In consequence of his extravagance in living, Spiller had in early days to take refuge in the Southwark sanctuary, the Mint. After the abolition of this, he was from time to time confined in the Marshalsea. He was in high estimation with a certain world of fashion, and a public house near Clare Market, held by an ex-deputy-keeper of the Marshalsea, which he frequented, obtained much vogue. Its original title, the ‘Bull and Butcher,’ was changed about three months before his death into the ‘Spiller's Head,’ a sign presenting the actor's portrait having been painted and given to the proprietor by a Mr. Legar.

On 31 January 1730, while performing in Lewis Theobald's ‘Rape of Proserpina,’ Spiller had an apoplectic seizure, and died on 7 February following. He was buried, at the expense of Rich, in the churchyard of St. Clement's. An epitaph on him, written by a butcher in Clare Market, is quoted in his biography of 1729. It concludes: He was an inoffensive, merry fellow, When sober hipp'd, blithe as a bird when mellow.

His wife's name stands opposite some important parts, including Lady Anne in ‘Richard III.’ Spiller separated from her, however, and formed other ties.
Spiller is credited with ‘performing all his parts excellently well in an unfashionable theatre, and to thin audiences.’ He had remarkable skill in transforming himself into whatever character he represented, and one night, as Stockwell in the ‘Artful Husband,’ is said to have completely deceived his special patron the Duke of Argyll, who, taking him for a new hand, recommended him to Rich as deserving encouragement. According to Louis Riccoboni, the historian of the stage, Spiller ‘acted the old man in a comedy taken from Crispin Medicine [sic] with such a nice degree of perfection as one could expect in no player who had not had forty years' experience. … I made no doubt of his being an old comedian, who, instructed by long practice and assisted by the weight of years, had performed the part so naturally; but how great was my surprise when I learnt that he was a young man about the age of twenty-six! … The wrinkles of his face, his sunk eyes, and his loose yellow cheeks, were incontestable proofs against what they said to me.
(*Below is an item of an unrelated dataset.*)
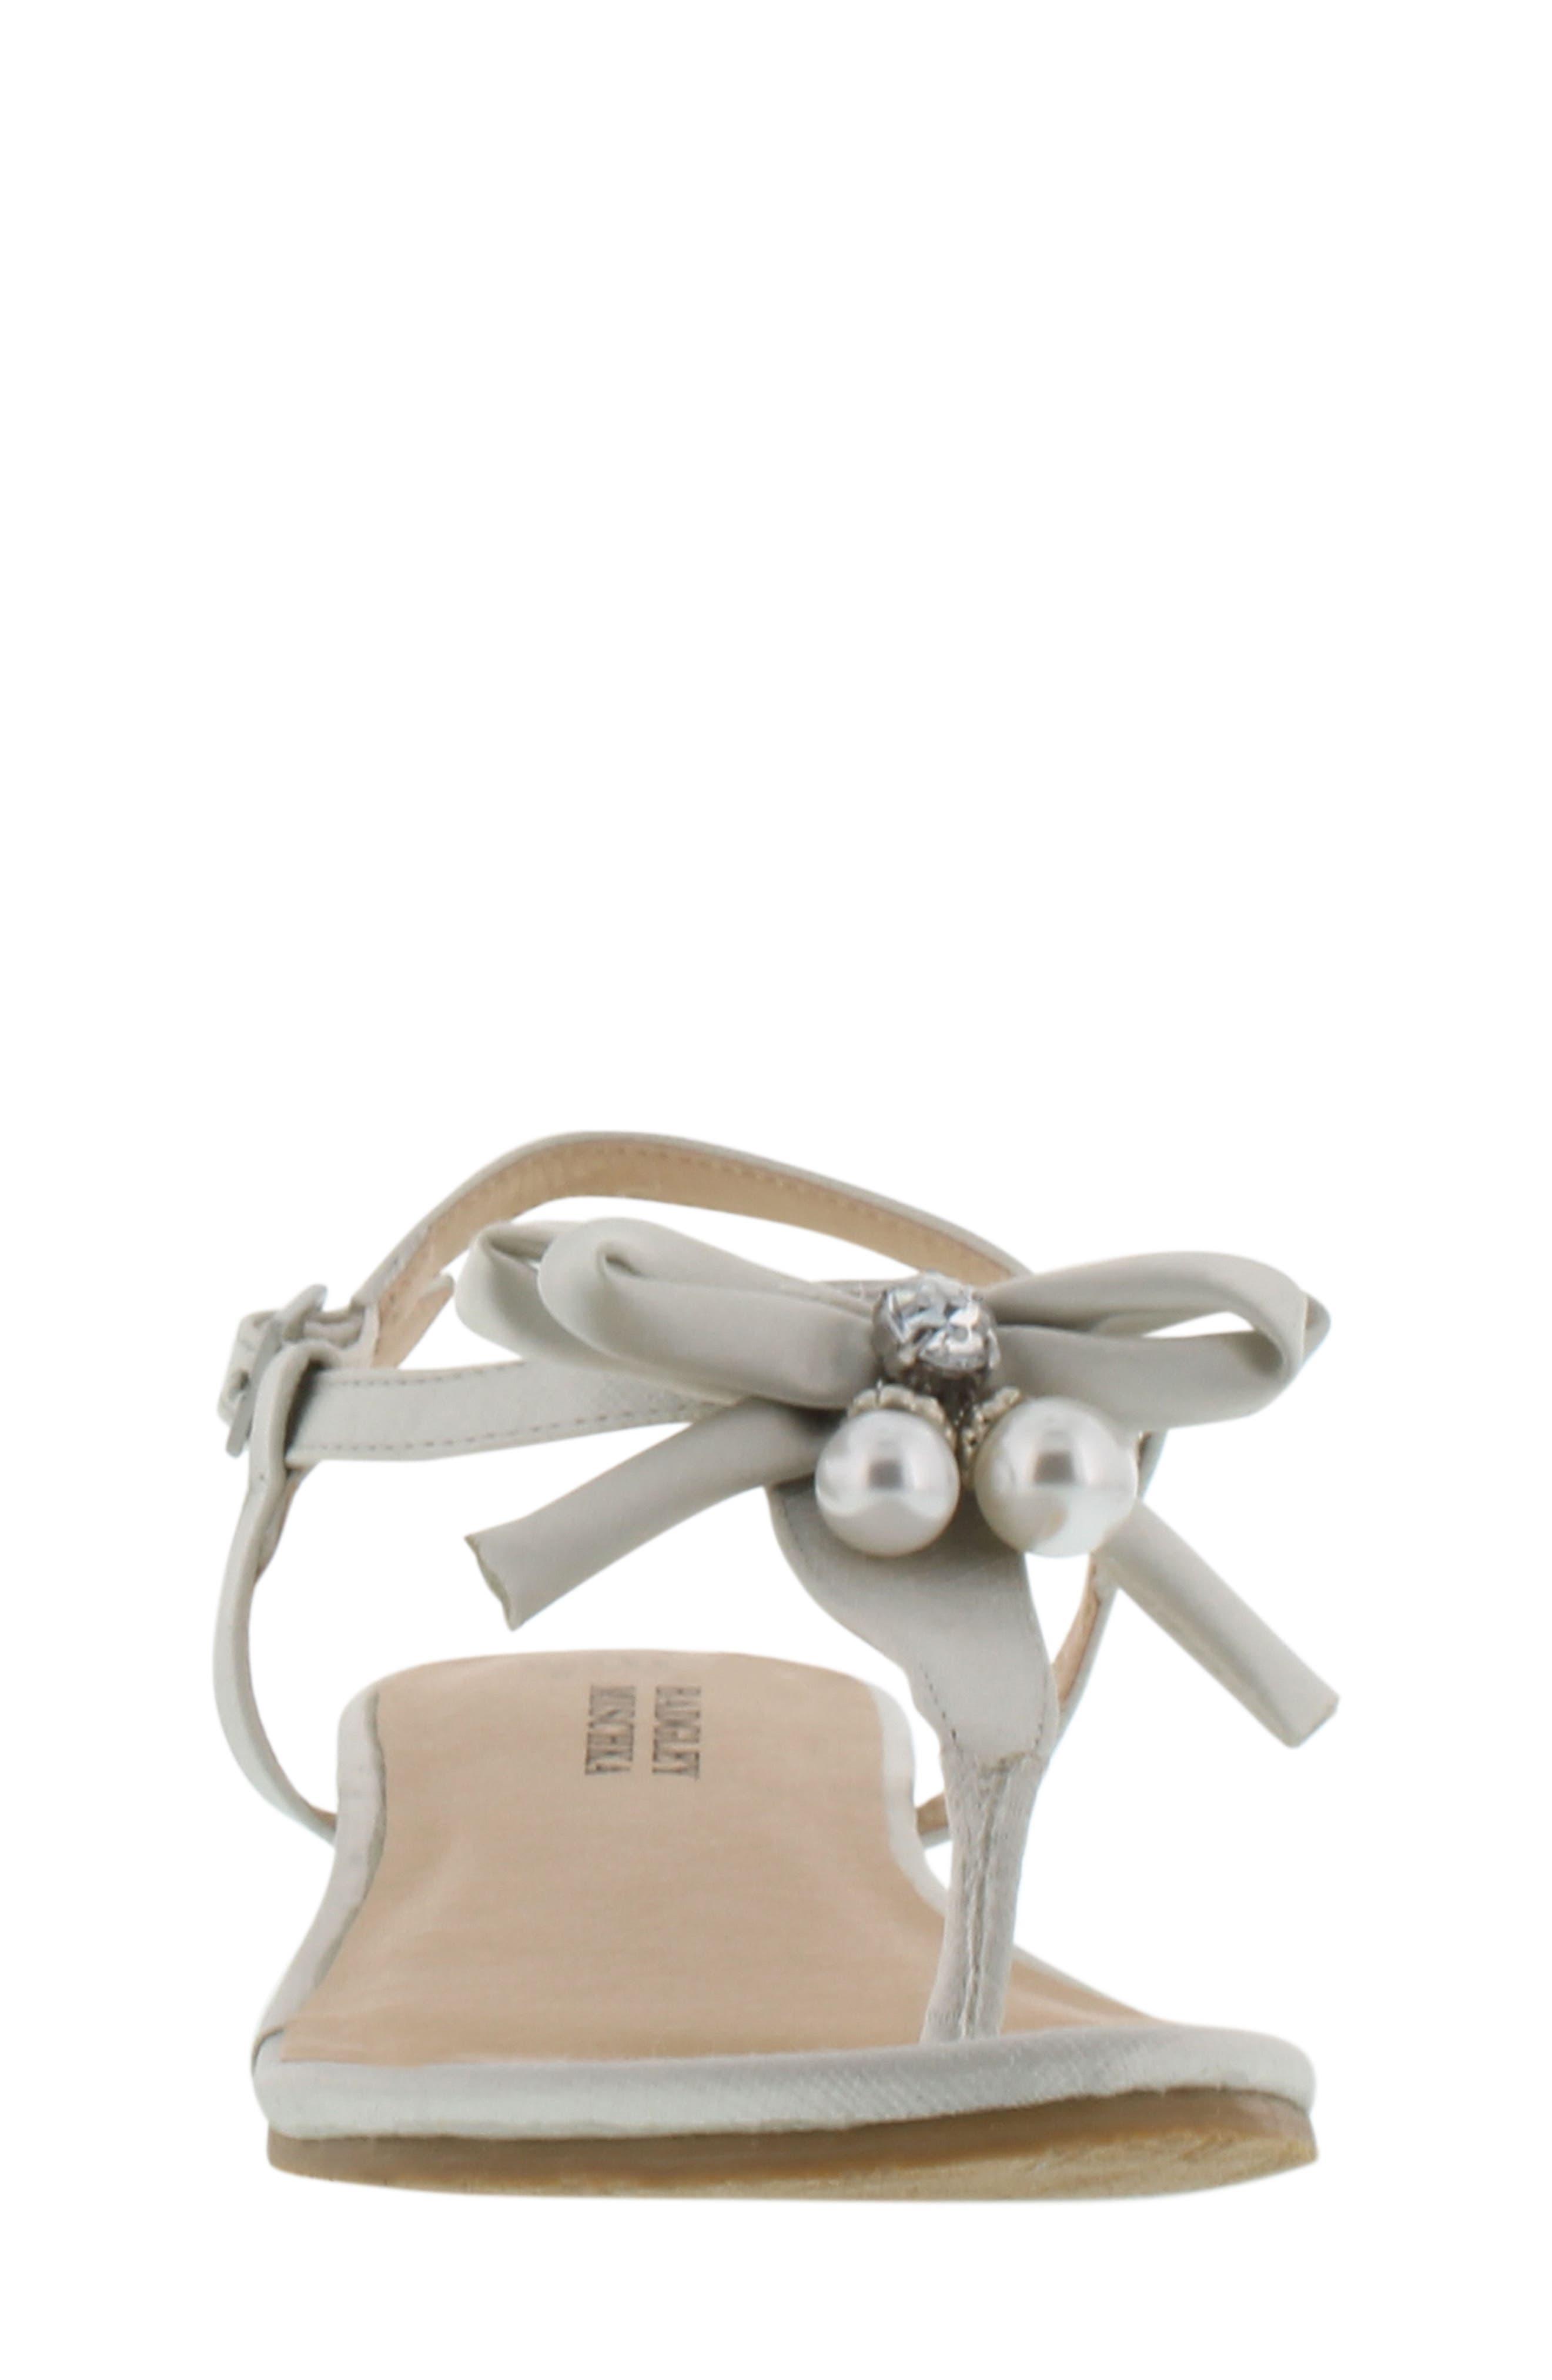 Talia Embellished Bow Sandal,                             Alternate thumbnail 4, color,                             040

I was credibly informed that the actor, to fit himself for the part of the old man, spent an hour in dressing himself, and disguised his face so nicely and painted so artificially a part of his eyebrows and eyelids that at the distance of six paces it was impossible not to be deceived’ (cf. Victor, Hist. of the Theatre, ii. 70).

Steele, in the ‘Anti-Theatre’ on 29 March 1720 (No. 13), published a letter signed ‘James Spiller,’ and addressed to the worshipful Sir John Falstaff, knight, in which Spiller advertises his benefit, which took place on the 31st. He talks humorously about his creditors, who pay their compliments every morning and ask when they shall be paid. He continues: ‘Wicked good company have [sic] brought me into this imitation of grandeur. I loved my friend and my jest too well to get rich; in short, Sir John, wit is my blind side.’ On this letter Nichols, the editor, noted that Spiller was ‘a comedian of great excellence, who may be considered as the Shuter of his day … a man of dissipated and irregular life; always in difficulties, and by these means lost the advantages of considerable talents.’ Nichols also says that he had but one eye, the loss being probably due to smallpox, of which he had a bad attack. Such of Spiller's jokes as are preserved are not very brilliant. They were collected in ‘Spiller's Jests, or the Life and Pleasant Adventures of the late celebrated Comedian, Mr. James Spiller,’ &c., London, n. d. [1729], 8vo (the chief recommendation of the volume is its scarcity).